Date: Friday, May 12, 2017
Location: 4405 Siebel Center
Speaker: Dr. Chao Liu, CEO of TianYanCha Inc
Title: TianYanCha: The Heterogeneous Information Network of Chinese Enterprises
Abstract: TianYanCha Inc. (www.tianyancha.com) is the No. 1 Business Investigation Platform in China, supported by the State’s venture capital. It accumulates all the public information about 120 million Chinese enterprises from the Web, and organizes them as a dynamically evolving information network. By checking various aspects of a particular enterprise and its connections to other ones, the investigator can usually locate suspicious points that may otherwise miss. For example, KPMG heavily use it in the i-section of everyday auditing work, to uncover related parties and transactions in between. In this talk, I will review the motivation and evolution of TianYanCha, and share with the audience some lessons learnt during the startup.
Bio：Dr. Chao Liu is the founder and CEO of TianYanCha Inc. (www.tianyancha.com), which is the No. 1 Business Investigation Platform in China. Before founding the company, Dr. Liu served as the Chief Scientist and director in Sogou and Tencent. Before going back to China, Dr. Liu was a researcher at Microsoft Research at Redmond, and led the Data Intelligence Group. His research has been focused on Web services (e.g., search and ads) and data mining, with about 40 conference/journal publications in renowned conferences (e.g., ICML, KDD, SIGIR, FSE, etc) and journals (e.g., IEEE-TSE, IEEE-Computer and ACM TKDD). In addition, many of his research results have been transferred to Microsoft Bing search engine. Chao has been on the program and organizing committees of many conferences, and actively campaigns for the mutualism between academia and industry. He served on the funding review committee for the United States National Science Foundation (US-NSF) for the data mining track in Washington DC, 2011. Chao earned his PhD in Computer Science from the University of Illinois at Urbana-Champaign in 2007, and B.S. in Computer Science from Peking University in 2003.
Date: Monday, March 27, 2017
Time: 9:30 AM
Location: 3405 Siebel Center
Speaker: Xifeng Yan, University of California at Santa Barbara
Title: Knowledge Graph and Question Answering
Abstract: The paradigm of information search is undergoing a significant transformation due to the rise of mobile devices. Techniques that can directly answer user questions and help users navigate the answer space are becoming more desired. In this talk, I will give a broad introduction on knowledge graph and question answering problems studied in my lab. Starting with the challenges and issues existing in knowledge graph query processing, I will discuss our efforts in addressing these issues, including schemaless graph querying, user feedback, factoid question benchmark, natural language questions, and query routing in collaborative networks.

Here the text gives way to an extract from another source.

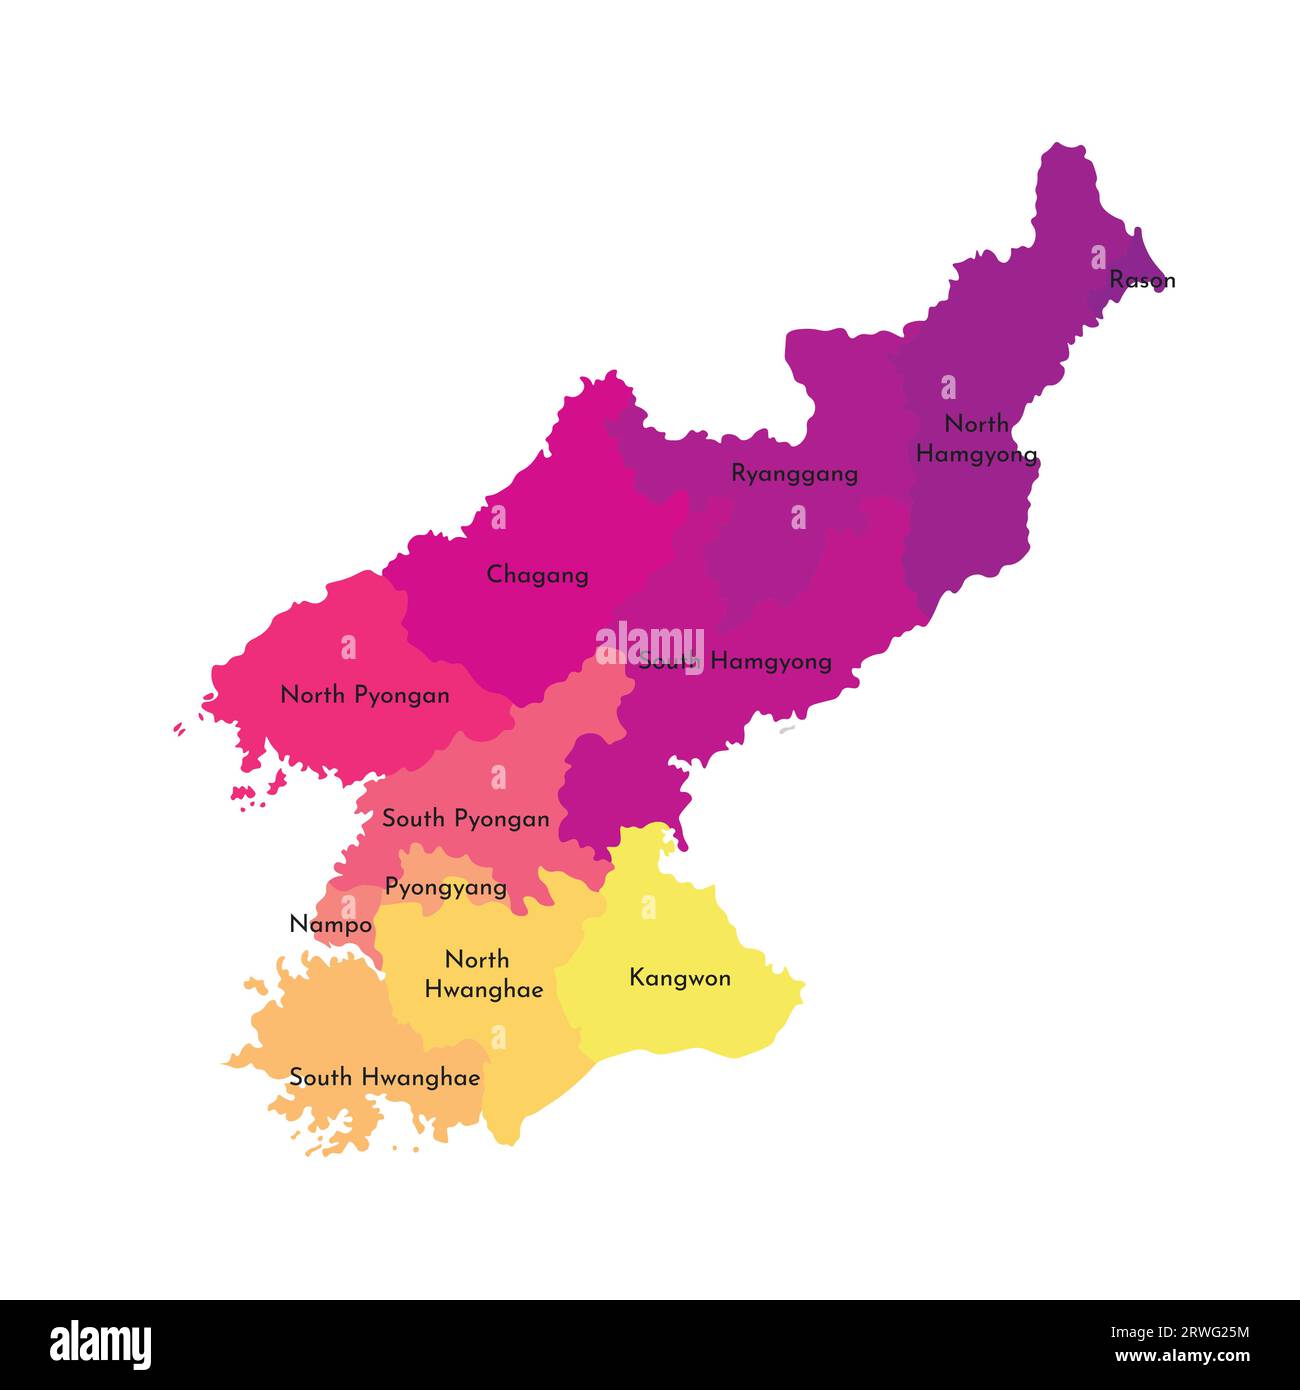 Vektorisolierte Darstellung einer vereinfachten Verwaltungskarte Nordkoreas (Volksrepublik Korea). Grenzen und Namen der Regionen. Multi-Col Stock Vektor

Short Bio: Xifeng Yan is a professor at the University of California, Santa Barbara. He holds the Venkatesh Narayanamurti Chair of Computer Science. He received his Ph.D. from the University of Illinois at Urbana-Champaign in 2006 and was a research staff member at the IBM T. J. Watson Research Center between 2006 and 2008. He has been working on modeling, managing, and mining graphs in knowledge graphs, information networks, computer systems, social media and bioinformatics. His works were extensively referenced, with over 14,000 citations per Google Scholar. He received NSF CAREER Award, IBM Invention Achievement Award, ACM-SIGMOD Dissertation Runner-Up Award, and IEEE ICDM 10-year Highest Impact Paper Award.
Location: 3401 Siebel Center
While “Big Data” technologies are gaining great successes in unlocking knowledge from structured data, real-world data are largely unstructured and in the form of natural-language text. One of the grand challenges is to turn such massive text data into machine-actionable structures. Yet, most existing systems have heavy reliance on human efforts when dealing with text corpora of various kinds, slowing down the development of downstream applications.
In this talk, I will introduce a data-driven framework, minimal-effort StructMine, that extracts factual structures from massive text corpora with minimal human involvement. In particular, I will discuss how to apply Minimal-Effort StructMine to solve three subtasks: from identifying typed entities in text, to refining entity types into more fine-grained levels, to understanding the typed relationships between entities. Together, these three solutions form a clear roadmap for turning a massive corpus into a structured network to represent factual knowledge. Finally, I will share some directions towards mining corpus-specific structured networks for knowledge discovery.
Xiang Ren is a Computer Science PhD candidate at University of Illinois at Urbana-Champaign, working with Jiawei Han and the Data and Information System Lab. Xiang’s research develops data-driven methods for turning unstructured text data into machine-actionable structures. More broadly, his research interests span data mining, machine learning, and natural language processing, with a focus on making sense of massive text corpora. His research has been recognized with a Google PhD Fellowship, Yahoo!-DAIS Research Excellence Award, C. W. Gear Outstanding Graduate Student Award, and has been transferred to US Army Research Lab and Microsoft Bing.